Which brings me to a question that's been nagging at me. If everything is learned in parallel, why do we see these apparent phase transitions? Why does reasoning suddenly "click" at a certain scale?

There are a few theories. One is that reasoning requires a certain minimum representational capacity. Below some threshold, the model simply doesn't have enough parameters to encode the patterns needed for multi-step inference. Once you cross that threshold, the model can represent those patterns, and the capability emerges.

It's not that the model suddenly "learns" reasoning at step ten million. It's that the capacity was always there, latent, but the representations weren't refined enough to support it until that point.

That's the leading hypothesis. Another theory is that reasoning is compositional — it's built out of more primitive capabilities that have to be learned first. You can't do multi-step reasoning until you can do single-step pattern matching reliably. And single-step pattern matching takes time to get right.

Even in the "everything in parallel" picture, there's a dependency structure. Some capabilities are prerequisites for others.

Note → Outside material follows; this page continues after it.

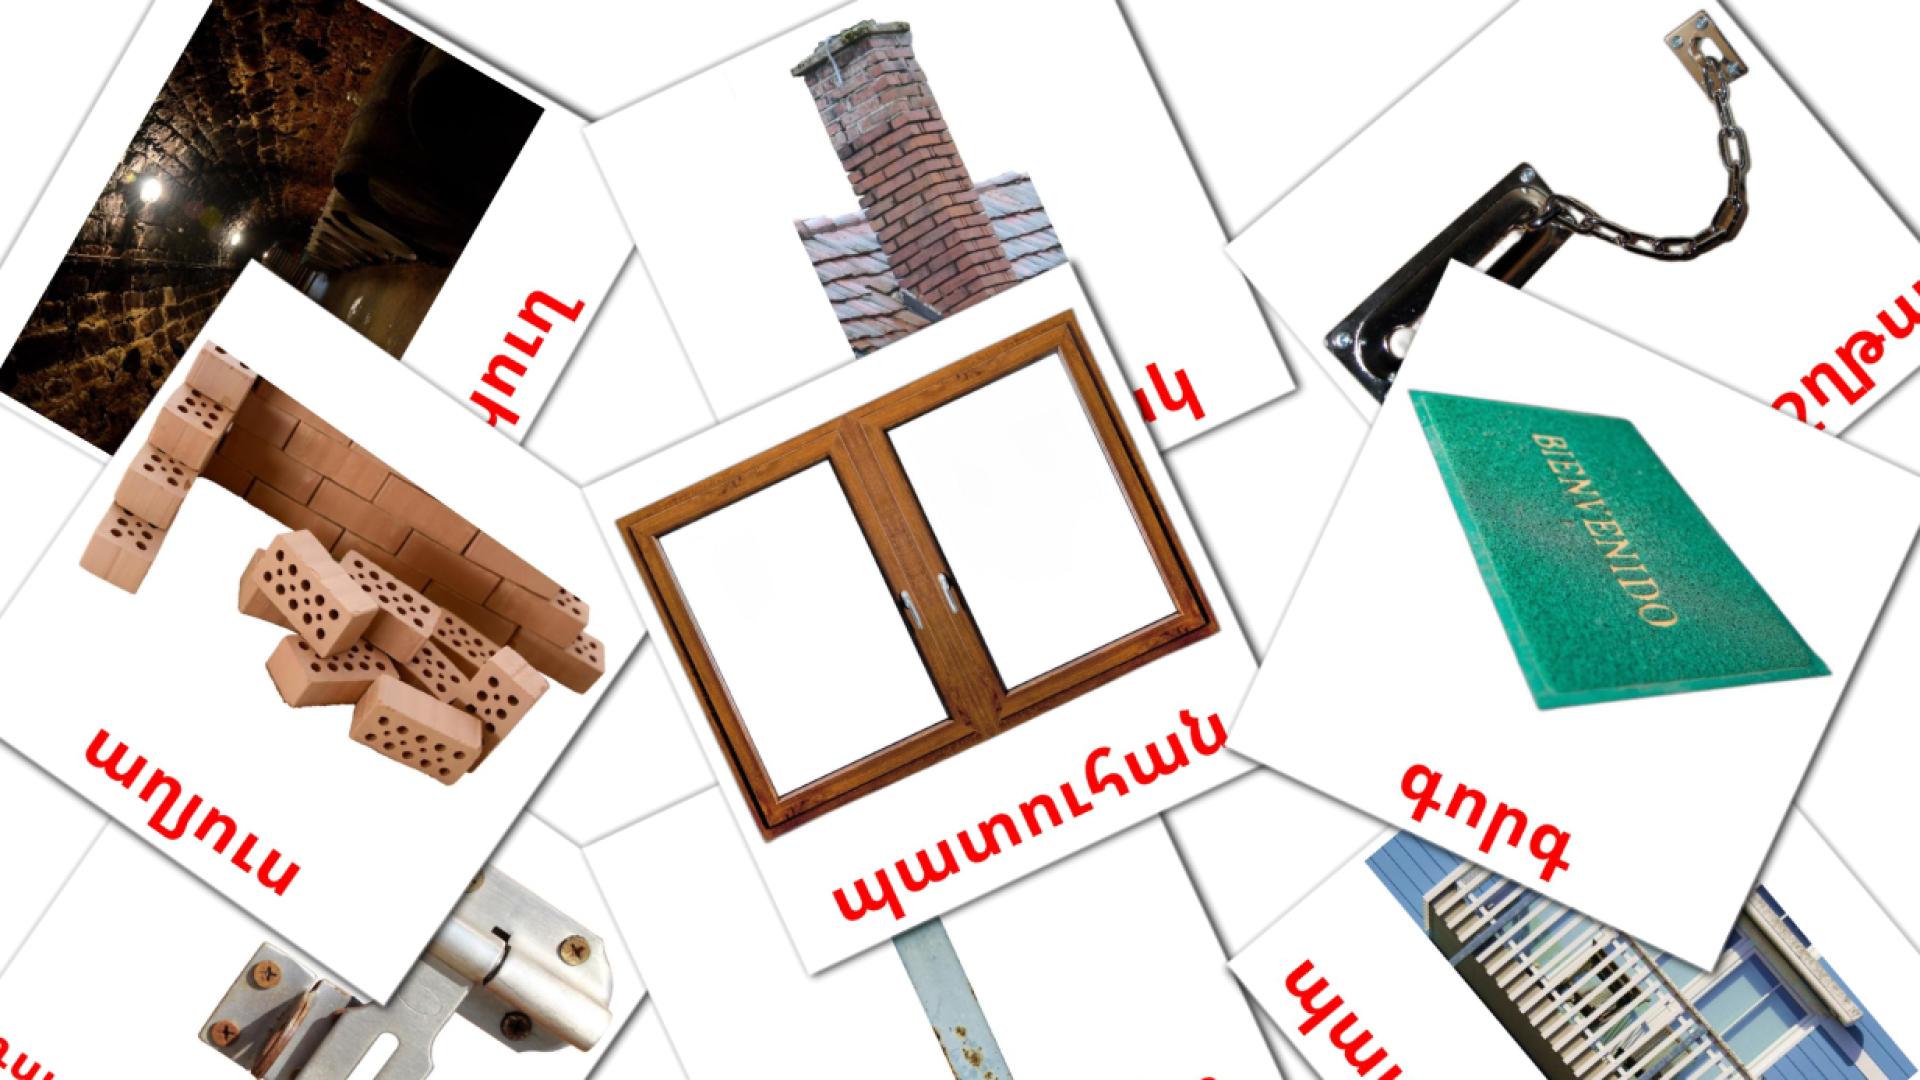 La casa - tarjetas de vocabulario en armenio

And this is where the "waves" metaphor I used earlier comes in. The waves are overlapping, but they're not all at the same height at the same time. Basic syntax peaks early. Factual recall peaks in the middle. Complex reasoning rises later and keeps improving even after syntax has plateaued.

Let's talk about what this means for the practical question of training a model. If I'm a lab deciding how to allocate my compute budget, does this parallel-learning picture change how I think about training?

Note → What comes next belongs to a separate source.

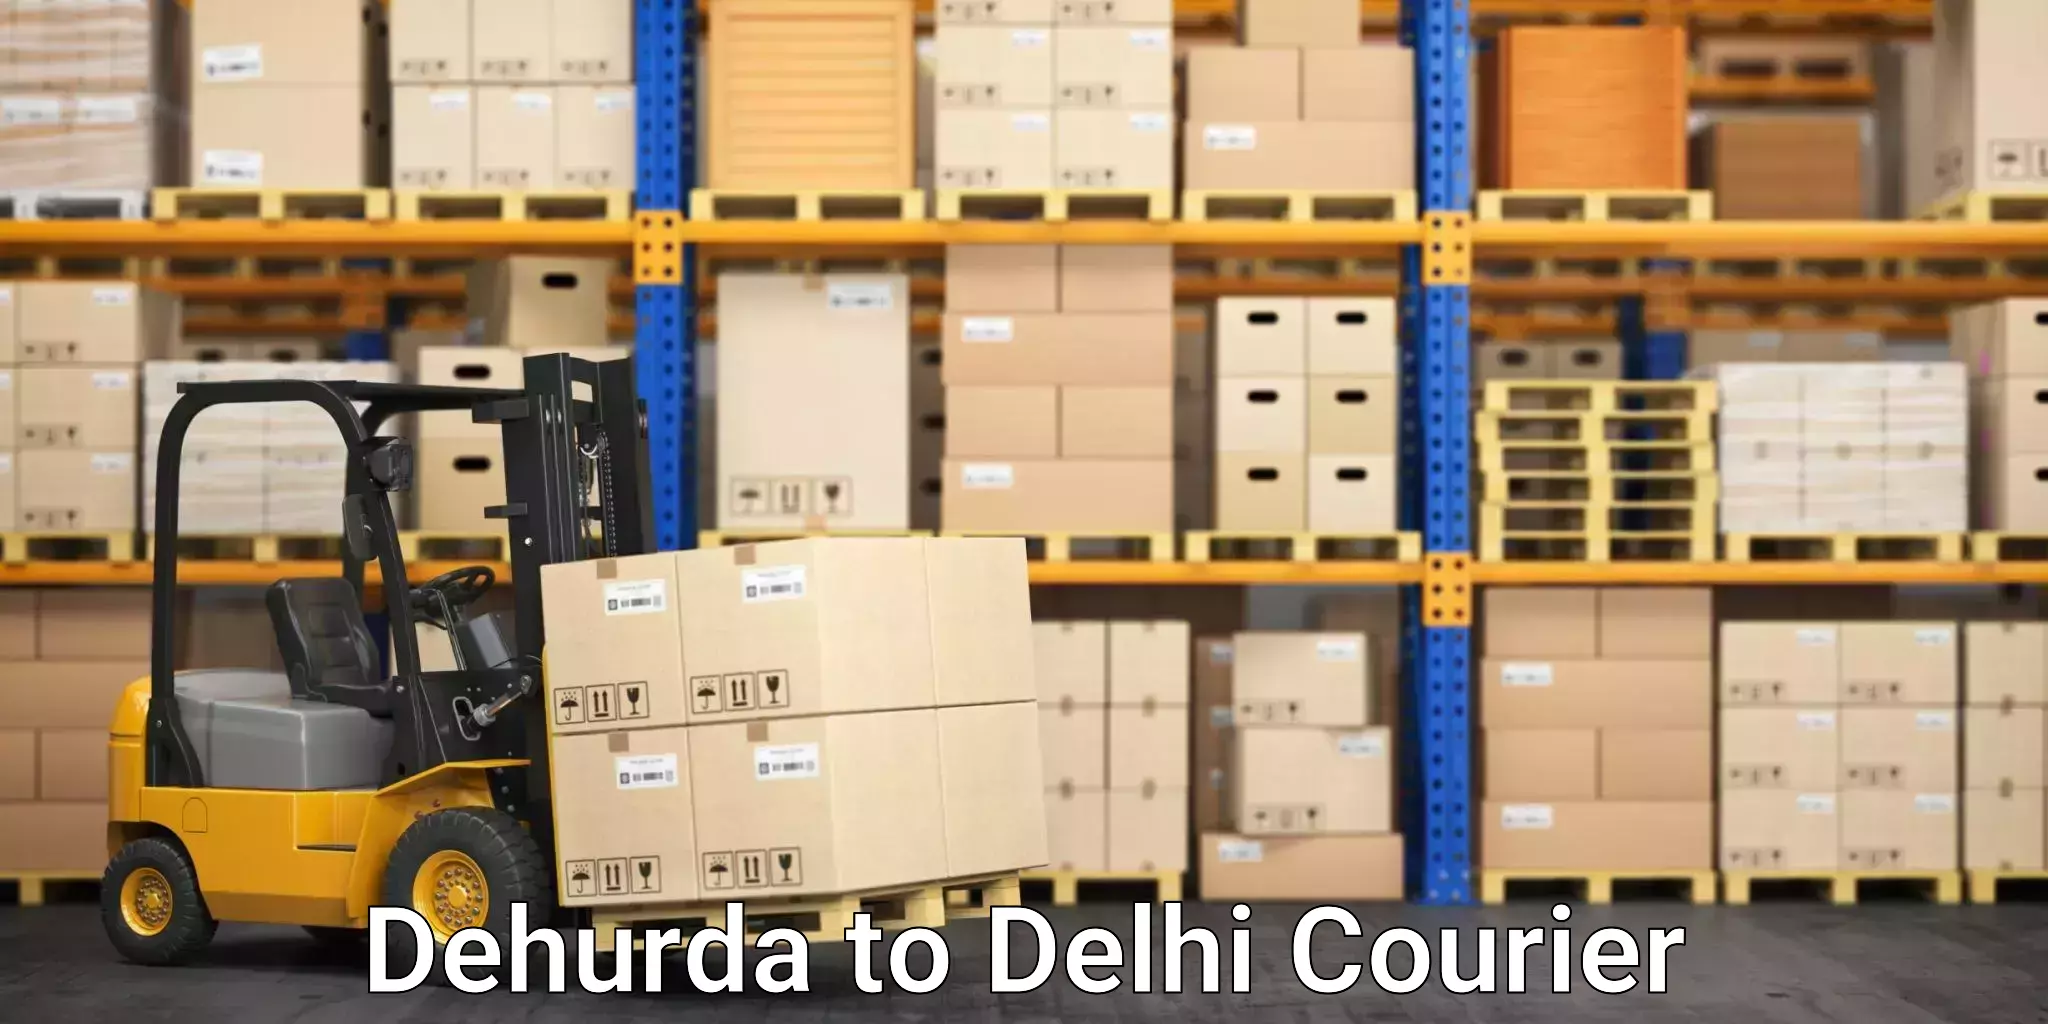 Efficient parcel transport Dehurda to Krishna Nagar

It does, and this is where the economics get interesting. If capabilities emerge in parallel, then the optimal strategy is to train on the broadest, most diverse dataset you can for as long as you can afford. You don't want to spend a lot of time on a "grammar phase" because grammar will get learned anyway as a byproduct of learning everything else.

The compute is better spent on diversity than on sequencing.

And this is why the major labs have converged on the "dump everything in" approach. It's not just that it works — it's that it's the most efficient use of compute. Any time you spend on a narrow curriculum is time you're not spending on the full distribution.

Which also explains why data quality matters so much. If the model is learning everything in parallel, then bad data is poisoning everything simultaneously.

That's a really important point. In a staged curriculum, you could theoretically clean up the data for each stage. In parallel training, the data quality affects everything at once. A million documents of SEO spam aren't just teaching the model bad facts — they're teaching it bad syntax, bad reasoning, bad everything.

The slurry has to be clean slurry.

The cleanest slurry money can buy. And that's a huge part of what differentiates the major labs now. Everyone has access to roughly the same model architectures. The secret sauce is increasingly in the data processing pipeline — how you filter, how you deduplicate, how you balance sources, how you handle multiple languages.

I want to circle back to something you mentioned earlier — the grokking phenomenon. You said models sometimes memorize first and generalize later. How does that fit into the parallel-learning picture?

Grokking is fascinating because it looks like a stage transition but happens without any change in the training data or the learning rate. The model just... figures it out, eventually. The leading explanation is that the model first finds a "memorization solution" — a set of weights that fits the training data but doesn't generalize — and then, through continued training, gradually moves towards a "generalizing solution" that captures the underlying pattern.

It's like the model takes a shortcut and then slowly replaces it with the real thing.

And the reason this is relevant to our discussion is that it suggests there are multiple solutions to the loss-minimization problem, and the model can transition between them over the course of training. The "stages" aren't about the data — they're about the optimization dynamics.

Which means the training process isn't just "learn syntax, then facts, then reasoning." It's more like "find a locally good solution, then find a better one, then find an even better one." And those solutions might involve different mixtures of memorization and generalization.

And this connects to the broader question of what "understanding" means in these models. When a model gets better at reasoning, is it actually developing new capabilities, or is it just finding a more compressed representation of the patterns that were always in the data?

Is there a meaningful difference between those two things?

I'm not sure. And I think that's the right answer. If the model can reliably produce correct reasoning chains, does it matter whether we call that "understanding" or "compressed pattern matching"? From a practical standpoint, the capability is what matters.

The pragmatist's answer.

I'm a retired pediatrician. I care about outcomes.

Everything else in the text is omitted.